1. Emotional dependence. The ambiguity of the relationship between mother and son is self-evident, but when the son is a homosexual, the relationship with the mother has a closer emotional connection, especially when the father is like a mountain in front of the mother and son, the father represents The power of the entire gender society, the son just wants to live in the good memory with his mother. When he grows up, the two sides will need to be disintegrated by the increasingly obvious social relationship, and the relationship will be diluted a little bit. The rules are step by step. establishment. Violence seeks attention and fills the void of feelings endlessly.
2, the wall. As a gay boy, in the process of growing up, my mother is my only spiritual strength. My father wants you to grow up like a "man", and my mother always wants to give you love. That is your only recourse. Outside the world with my mother, there is power everywhere, in the male-dominated world, the unease and depression, in the feminist-dominated world, the disguise and pain, so we need a kind of middleman, an ambiguous person.

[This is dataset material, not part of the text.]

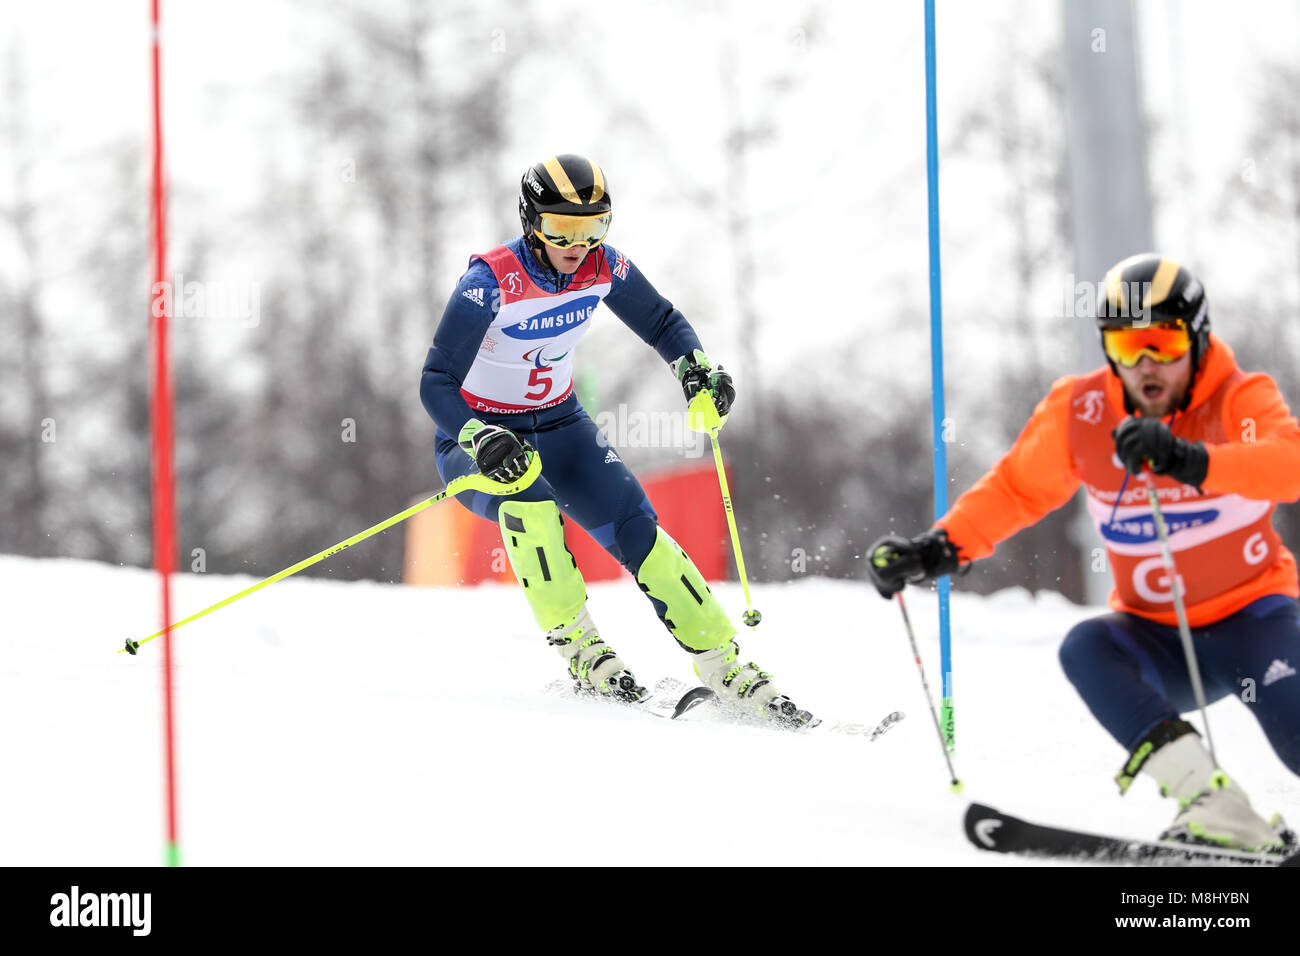 PyeongChang 18 mars . Slalom femmes. Team FR - KNIGHT Millie, Guide : WILD Brett Crédit : Marco Ciccolella/Alamy Live News Banque D'Images
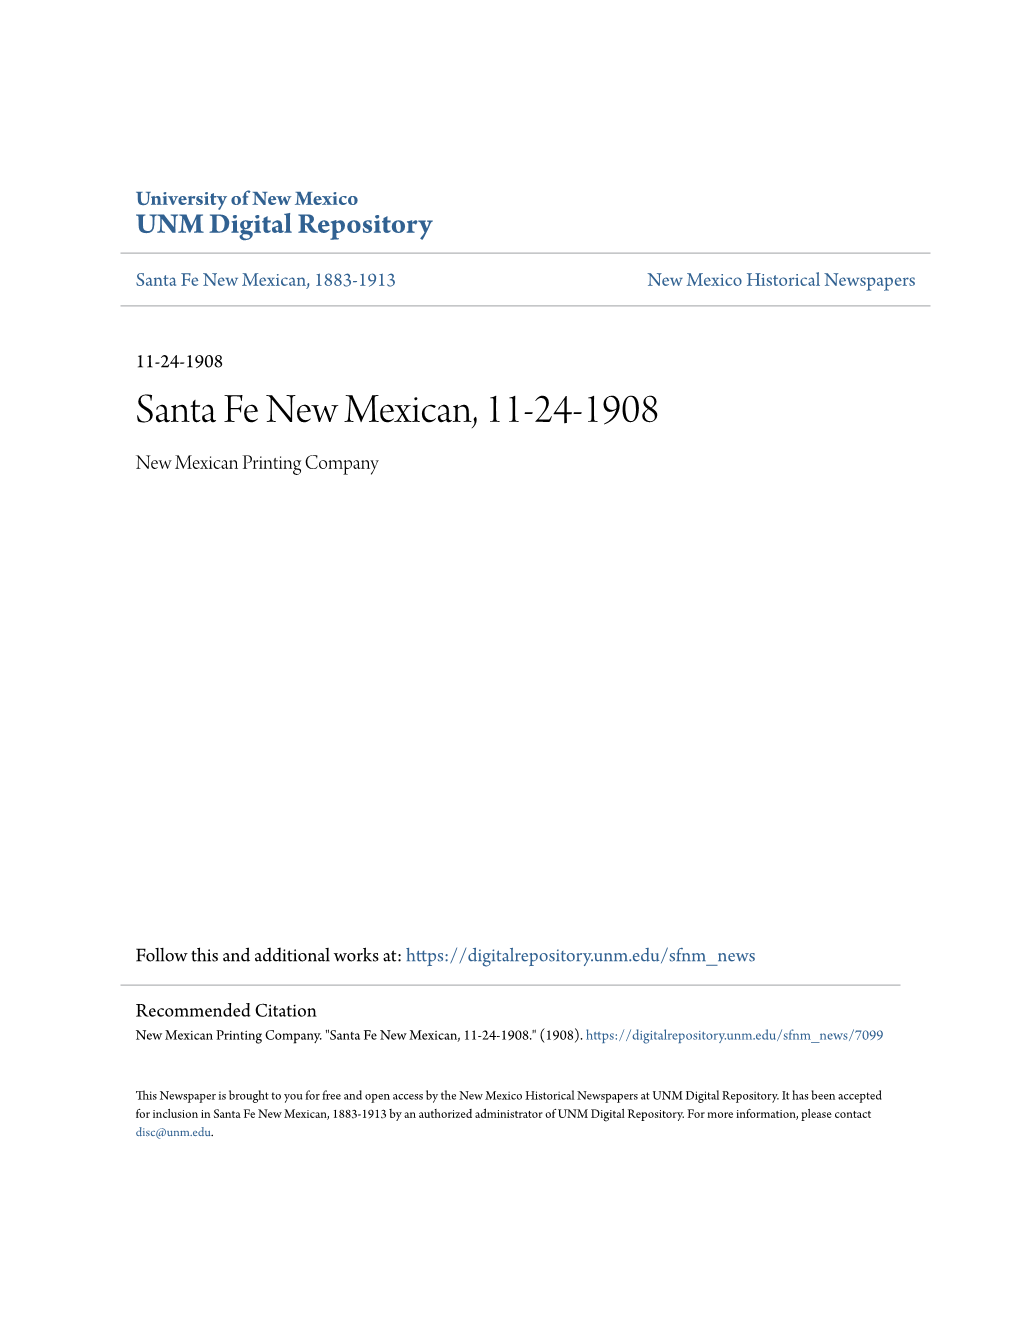 Santa Fe New Mexican, 11-24-1908 New Mexican Printing Company

3. Hope and strength. Despite Dolan's work revealing all kinds of unease and contradictions in the family or the individual, the strength of women is a constant, just as I expected, a kind of living female power that permeates the film, whether it is Diane, or Kayla, but living hard under the predicament of life, this hope and strength is really good.
4. Emotional output. The addition of the new character Keira has brought a balance to the conflicted mother-son relationship. Although I don't know if it is suitable, the two sides are indeed completing emotional output.
5. In general, it's still the same stuff that was involved in the first movie, but I'd like to see a better Dolan.